Music to Wake the Dead The Chapel of the Chimes, a columbarium and mausoleum adjacent to the Mountain View Cemetery in Oakland, is said to have great acoustics. It's generally hushed, as buildings full of dead people's remains tend to be, and famed local architect Julia Morgan incorporated meditative elements like winding passageways, stained glass skylights, fountains, and gardens into its design. It's a natural spot for a concert, and 20th Century Forum, a nonprofit group that gives composers and musicians opportunities to perform new music, is taking advantage with its third annual Garden of Memory: A Columbarium Walk-Through Event. Roaming guests will be treated to new music literally at every turn in a program featuring simultaneous performances in different parts of the building, with glass music composer Miguel Frasconi, pianist Sarah Cahill, Tibetan singer Te Chung, Balkan ensemble Panacea, and saxophonist Dan Plonsey, among others. The event begins at 5 p.m. at Chapel of the Chimes, 4499 Piedmont (at Pleasant Valley Road), Oakland. Admission is $8-10; call 255-8225.

July 16
The Taxman Returneth Central Works Theater Ensemble offers a break to everyone whose pockets were recently picked by Uncle Sam: a free preview of IRS -- I Want You. Inspired by recent congressional hearings filled with public testimony about IRS collection quotas and armed raids conducted by agents with drug-sniffing dogs, scriptwriter Gary Graves created a political satire on the federal government's most unpopular arm. Parodying bureaucratic red tape is by no means new, but Graves tries to inject a bit of novelty into the tale by changing the protagonist from a likable average guy to a journalist. The show begins at 8 p.m. (and runs through Aug. 23) at Santa Fe Bar & Grill Performance Space, 1310 University (at San Pablo), Berkeley. Admission is $10-13; call (925) 798-1300.

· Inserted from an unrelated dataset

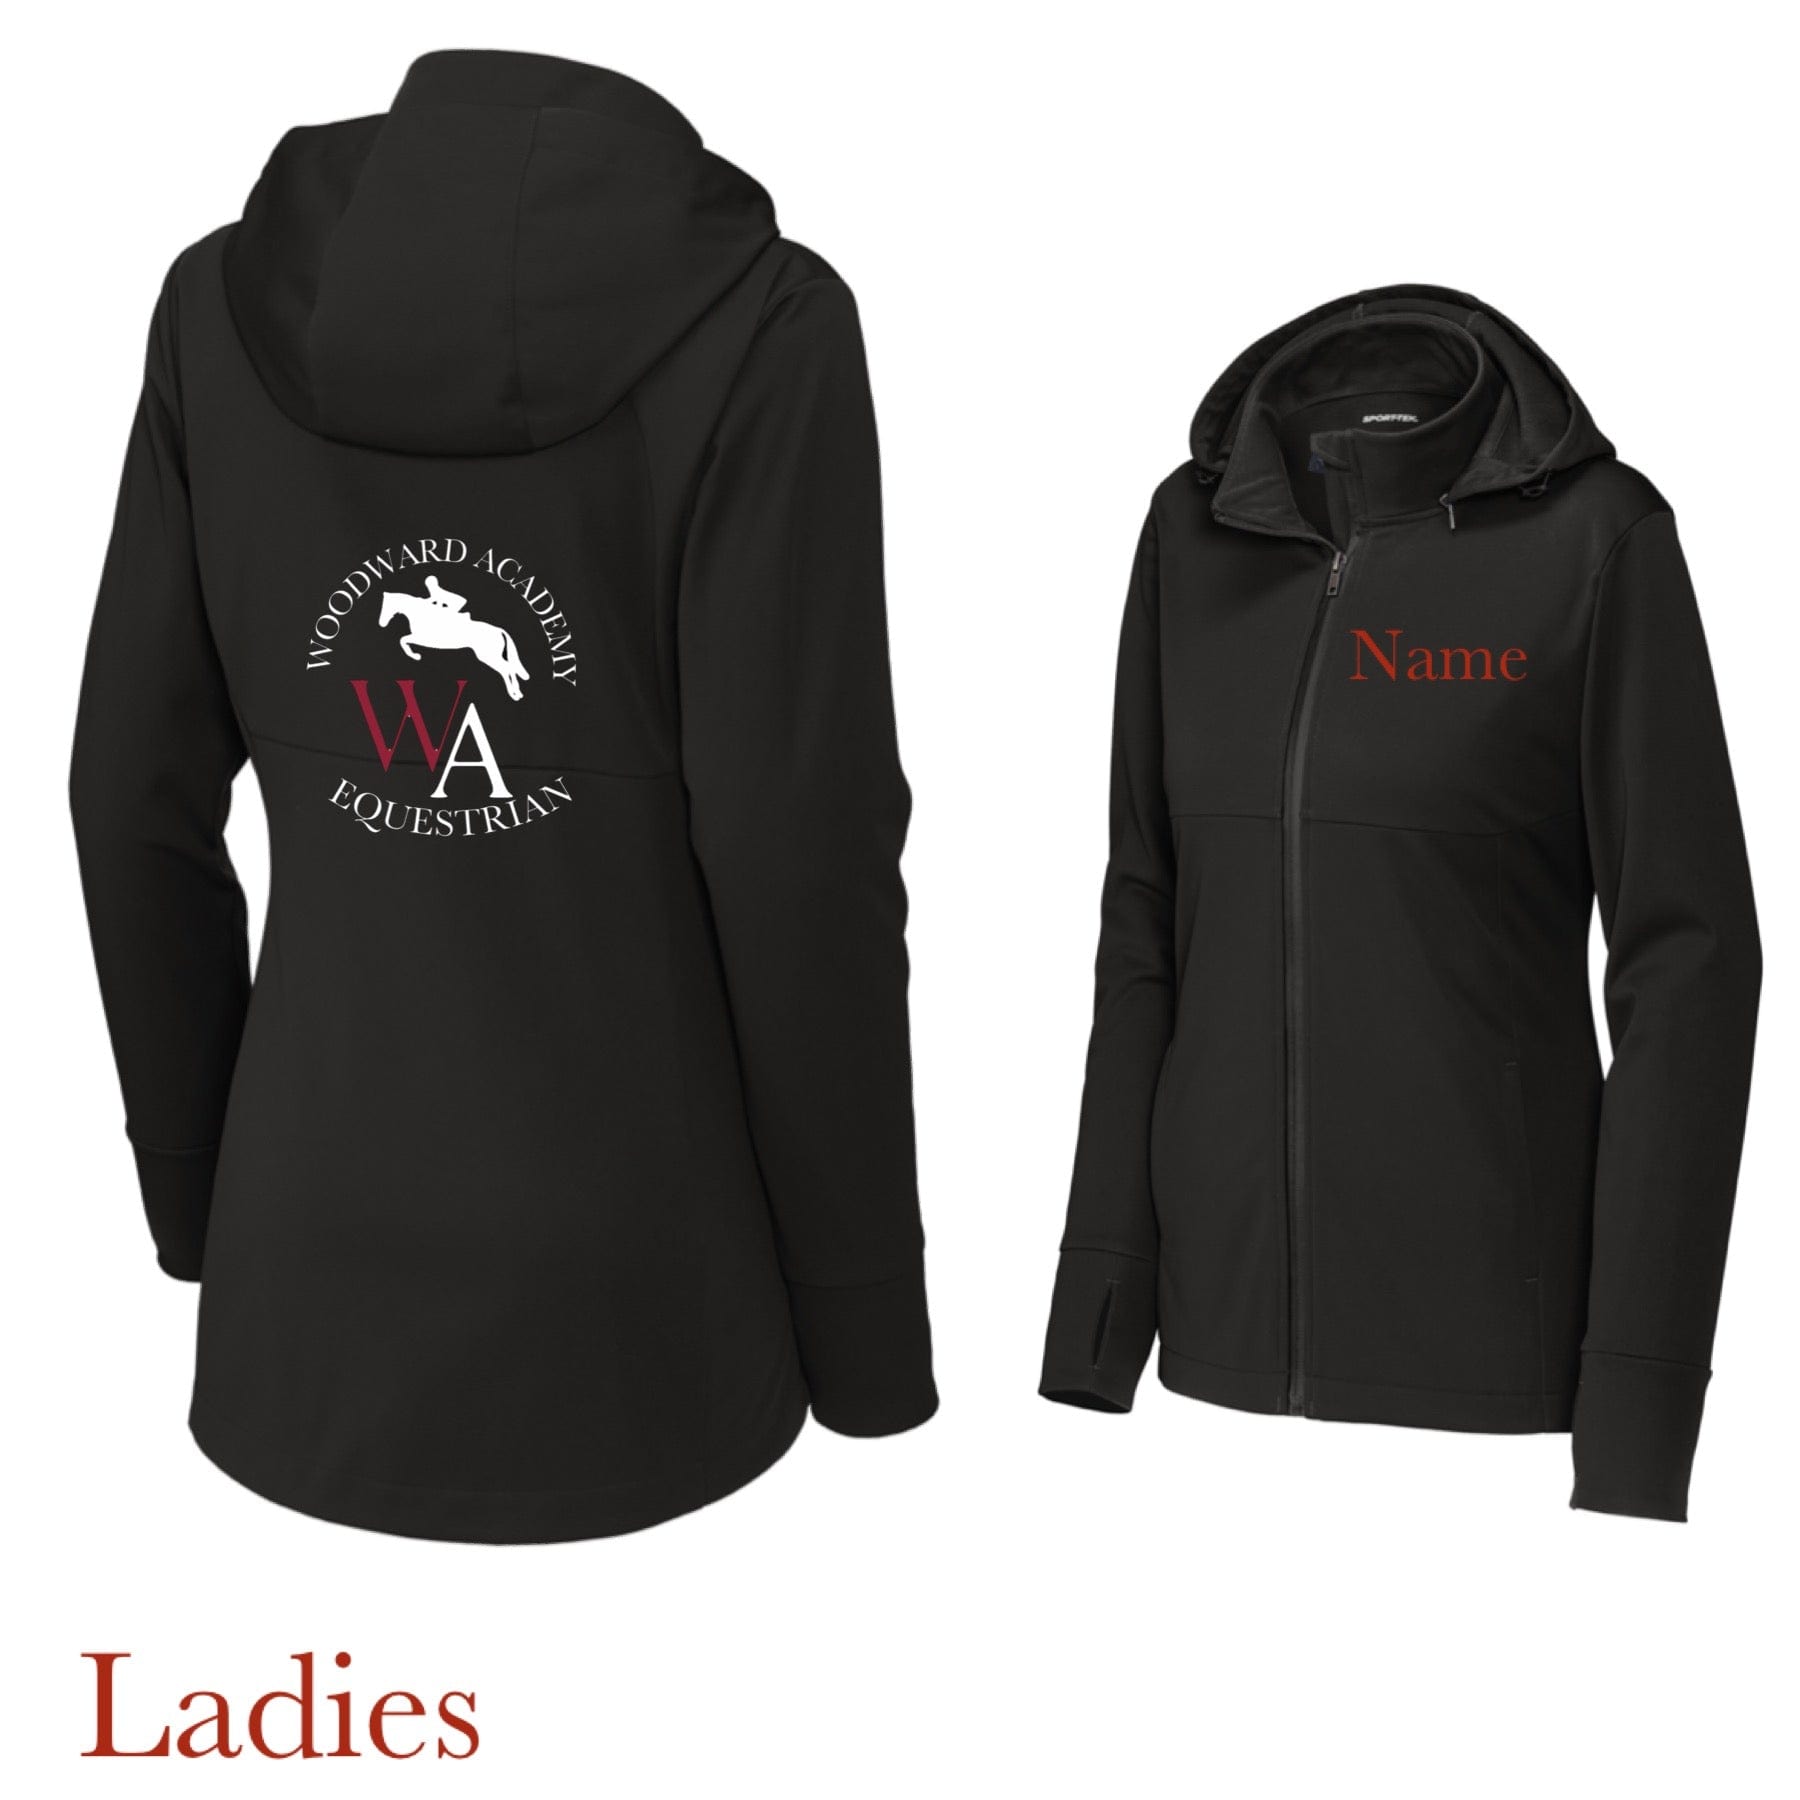 Equestrian Team Apparel Woodward Academy Adult Jacket equestrian team apparel online tack store mobile tack store custom farm apparel custom show stable clothing equestrian lifestyle horse show clothing riding clothes horses equestrian tack store

It's How You Play the Game Ex-geeks who were hoping to work through, or at least laugh off, the anguish of high school with Steamroller's theatrical dance performance Loserville lost their chance when the company canceled the show at the last minute due to an overbooking problem. In its scramble to find a replacement, the Lab came up with AWD, a 12-member performance band whose reckless physicality and arty urban antics should fill Steamroller's slot nicely. Their show, which melds trance rhythms, live vocals, and spoken word with video and athletic dance, begins at 9:30 p.m. (and runs through Sunday) at the Lab, 2948 16th St. (at Capp), S.F. Admission is $7-10; call 864-8855.

July 17
Dutch Treat Named for a Dutch expression that loosely translates into English as "Act normally and you'll be weird enough," the exhibit "Do Normal: Recent Dutch Design" highlights over 200 examples of works that might take American eyes by surprise, although they are commonplace in the Netherlands. Studio Dunbar's orange-and-blue-striped police cars, Total Design's roadside signs, and Jaap Drupsteen's graphics for the Dutch monetary system are among the bold and colorful images to which the Dutch are accustomed; the show also includes such eyebrow-raising pieces as Henk Stallinga's bookcase supported by electric screwdrivers and Piet Hein Eek's geometric furniture, which incorporates everyday materials in unusual and sometimes ironic new ways. The show opens at 10 a.m. (and is up through Oct. 20) at the SFMOMA, 151 Third St. (at Mission), S.F. Admission is free-$8; call 357-4000.

July 18
Book Smart Expect less Princess Di and chicken soup for the soul at Books by the Bay, and more tomes on science, language, history, and travel. Over 40 independent bookstores will be setting up shop at the open-air fair, including locals like Green Apple, the European Book Co., and A Different Light, as well as visitors from the Monterey Bay Aquarium store and Capitola's Seeds of Change, which specializes in children's books. Authors Dorothy Allison (Cavedweller, Bastard Out of Carolina), Jane Smiley (A Thousand Acres), and Alison Lurie (Foreign Affairs) will be reading and signing their work, while Thom Gunn and August Kleinzahler will declaim during the poetry hour. Walter the Giant Storyteller entertains kids and investment expert Suze Orman offers tips at the fair, which begins at 10 a.m. at Pier 32 between Bryant & Brannan, S.F. Admission is free; call 927-3937.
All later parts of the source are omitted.